Read The Homeplace: A Mystery Online
Authors: Kevin Wolf
Tags: #Literature & Fiction, #United States, #Mystery; Thriller & Suspense, #Mystery, #Thrillers & Suspense, #Crime, #Murder, #Thrillers
He thought drinking beer with his buddies was more important than his son’s game?
Marty couldn’t feel sorry for the man. He wanted to, but he couldn’t.
Riley ground out his cigarette on the table, dropped the butt down the open mouth of an empty beer bottle, and lit another. “What do you need me to do now?”
“We can take you to see your son’s body.” Paco cleared his throat.
“No. I can drive myself.”
“Are you sure?”
“Yeah.” A lungful of smoke filled the air around his face. “Jimmy”—it was the first time he had said his son’s name—“drove a Ford pickup. Any idea where it is?”

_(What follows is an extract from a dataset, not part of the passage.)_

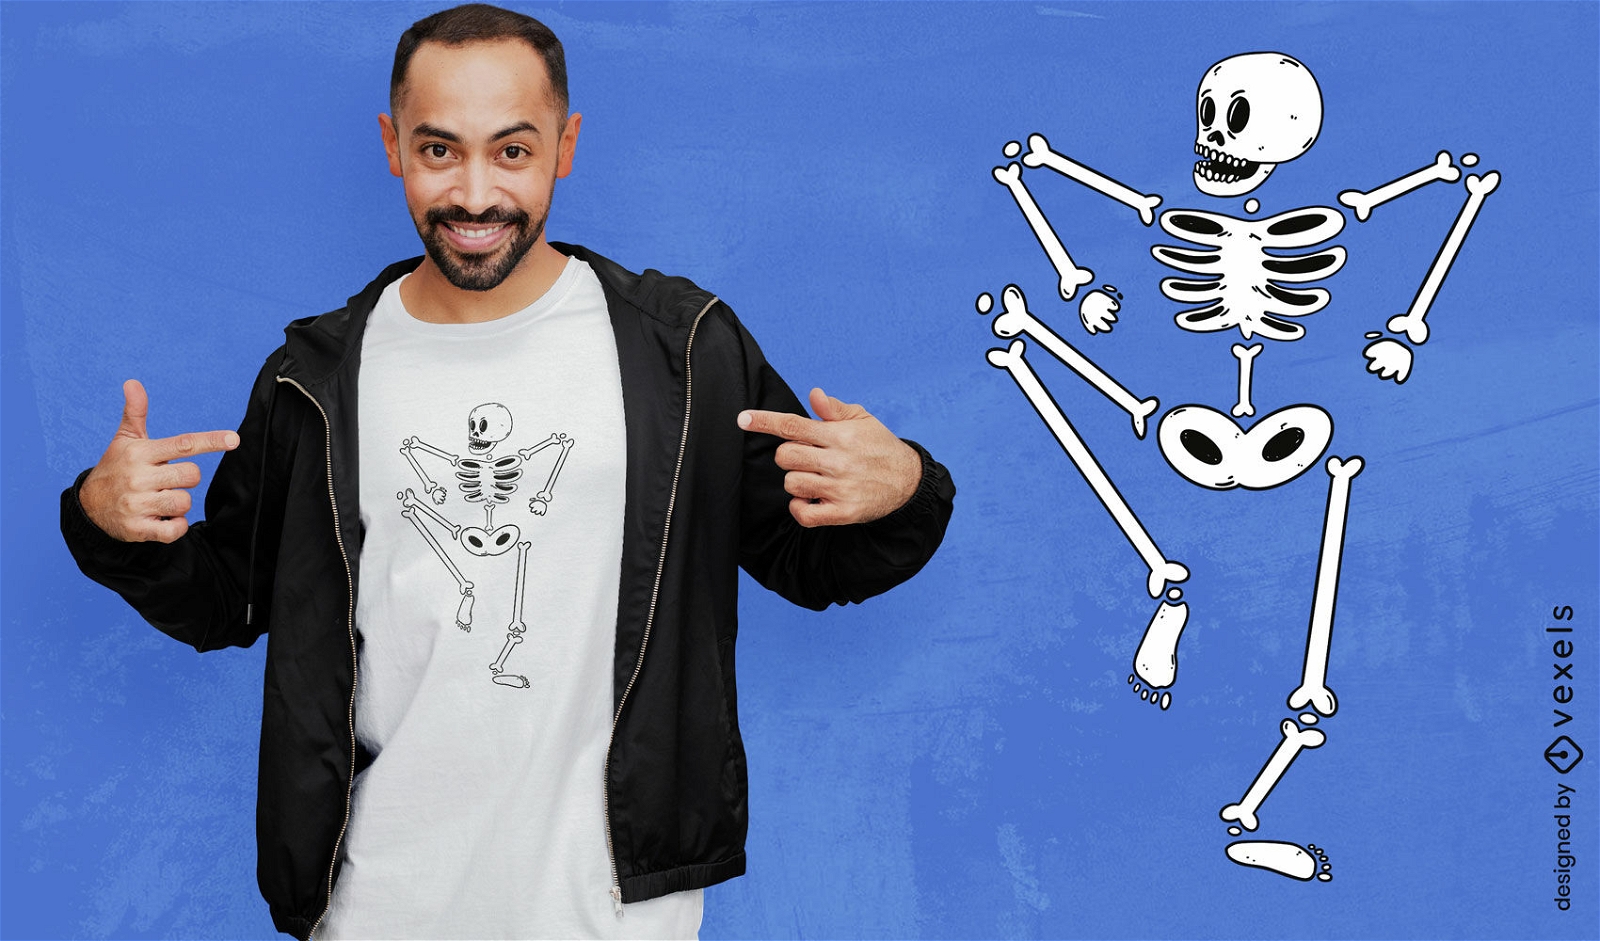 Dise?o de camiseta de esqueleto humano bailando.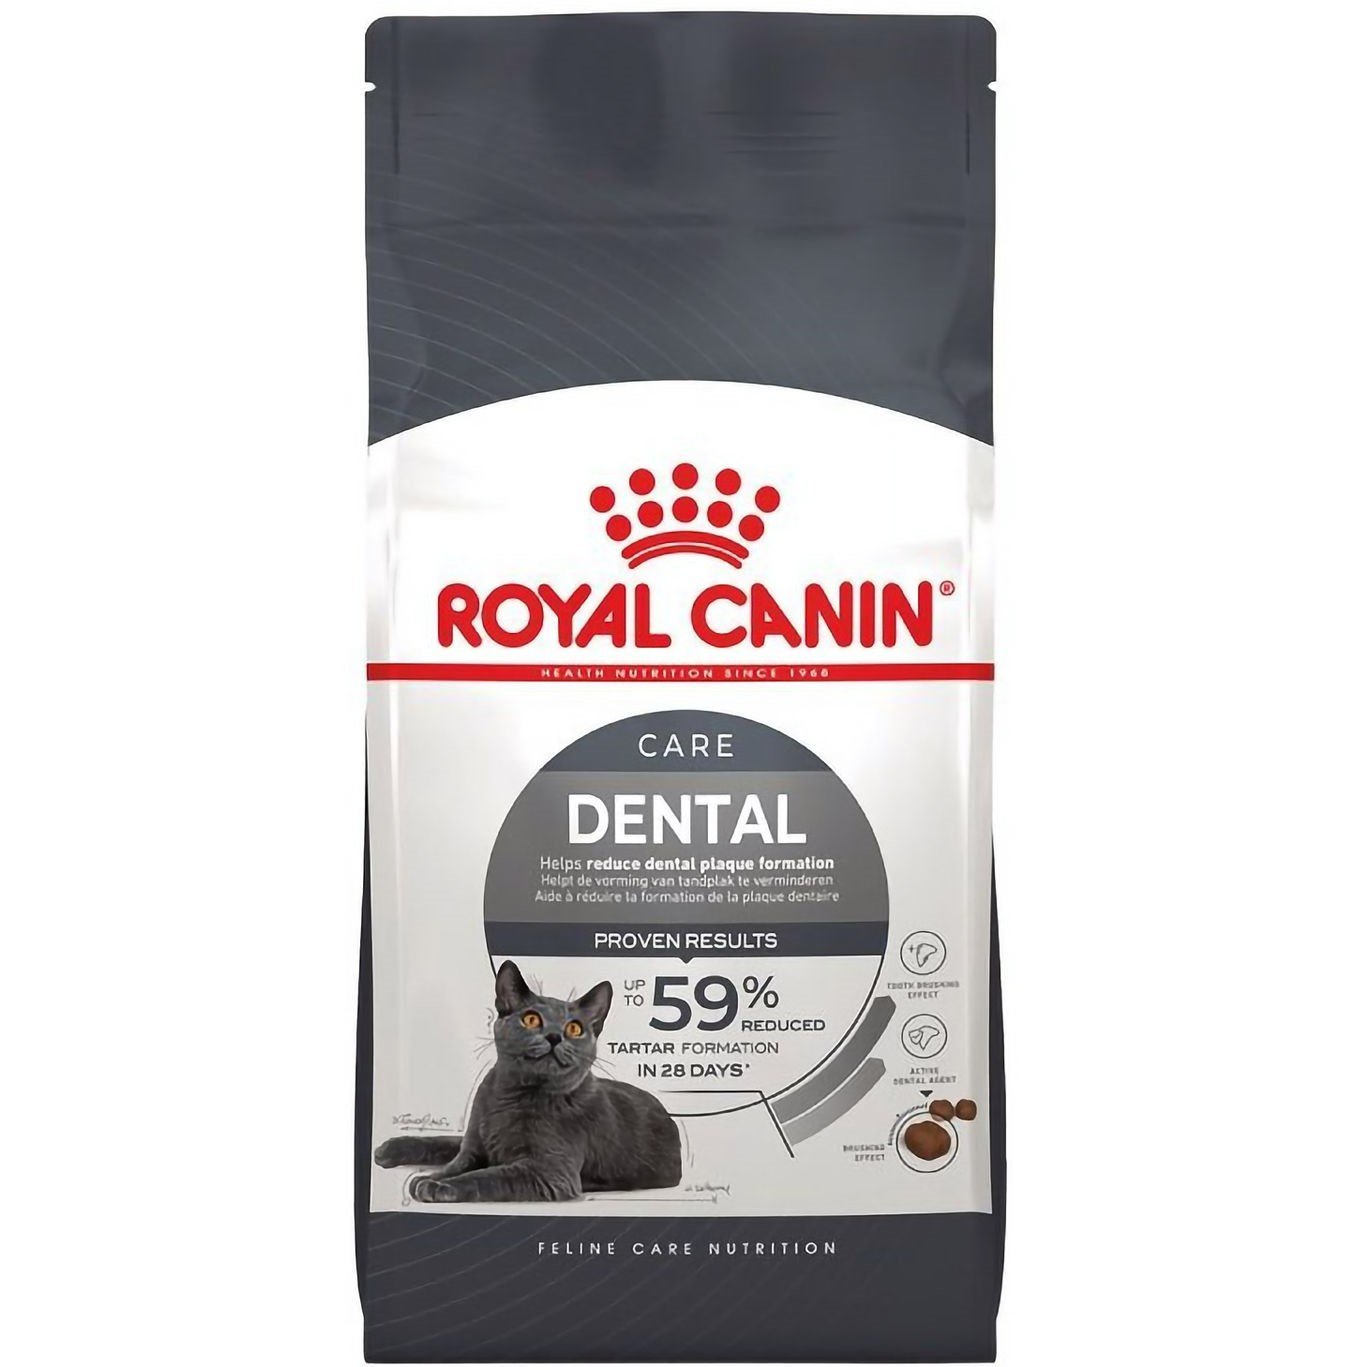 Сухой корм для кошек Royal Canin Dental Care, для профилактики образования зубного налета, 1,5 кг (2532015) - фото 1

Paco almost recited the next words. “Sir, your son’s body is on the way to the morgue at Comanche Crossing. You can view the body there. It will be up to the district attorney as to when it will be released.” It made Jimmy sound like a thing, not a person. “You can talk to them about your son’s truck.”
Riley was on his sixth cigarette and still on the couch when the deputies left him. He had never asked anything more about how his son had died. Had it been guessing when he asked who shot Jimmy? Marty shook his head.
The deputies didn’t say a word until they were in the car. Paco took a folded paper from his shirt pocket and scribbled down notes for himself.
Marty copied the older man and wrote down things he wanted to remember, but the silence battered his ears. “I saw Chase Ford this mornin’.” He needed words to fill the terrible quiet and silence the things that brewed in his mind. “He’s stayin’ out at the ranch. Gonna try to get a deer.”
Paco nodded. “I said hello to him at the game last night.”
“Big Paul didn’t come to Chase’s games, either.”
Paco shook his head. The old deputy had ten acres on a creek bottom between Brandon and Comanche Crossing. He and his wife had two little girls. They raised Shetland ponies for extra money, went to church every Sunday, and he coached soccer and softball. Paco never missed his girls’ games.
Paco started the car. “The woman Victor Benavidez married has a daughter named Dolly.”
“I know.” Marty didn’t want to hear what he knew would come next.
“Before she married Victor, Isabel kept house for Big Paul and Chase.” Paco stared straight ahead. “She came to work for them after Chase’s mother was in that accident.”
“I remember all the stories people were sayin’ back then.”
“That Big Paul was plowin’ two fields?”
“Yeah. And that the baby girl was Chase’s half-sister.”
Paco shifted the car into gear. “Most Saturdays, Dolly Benavidez works the breakfast shift over at Saylor’s. Let’s go see what she can tell us about Jimmy Riley.”
Marty wasn’t sure he wanted to hear what she might say.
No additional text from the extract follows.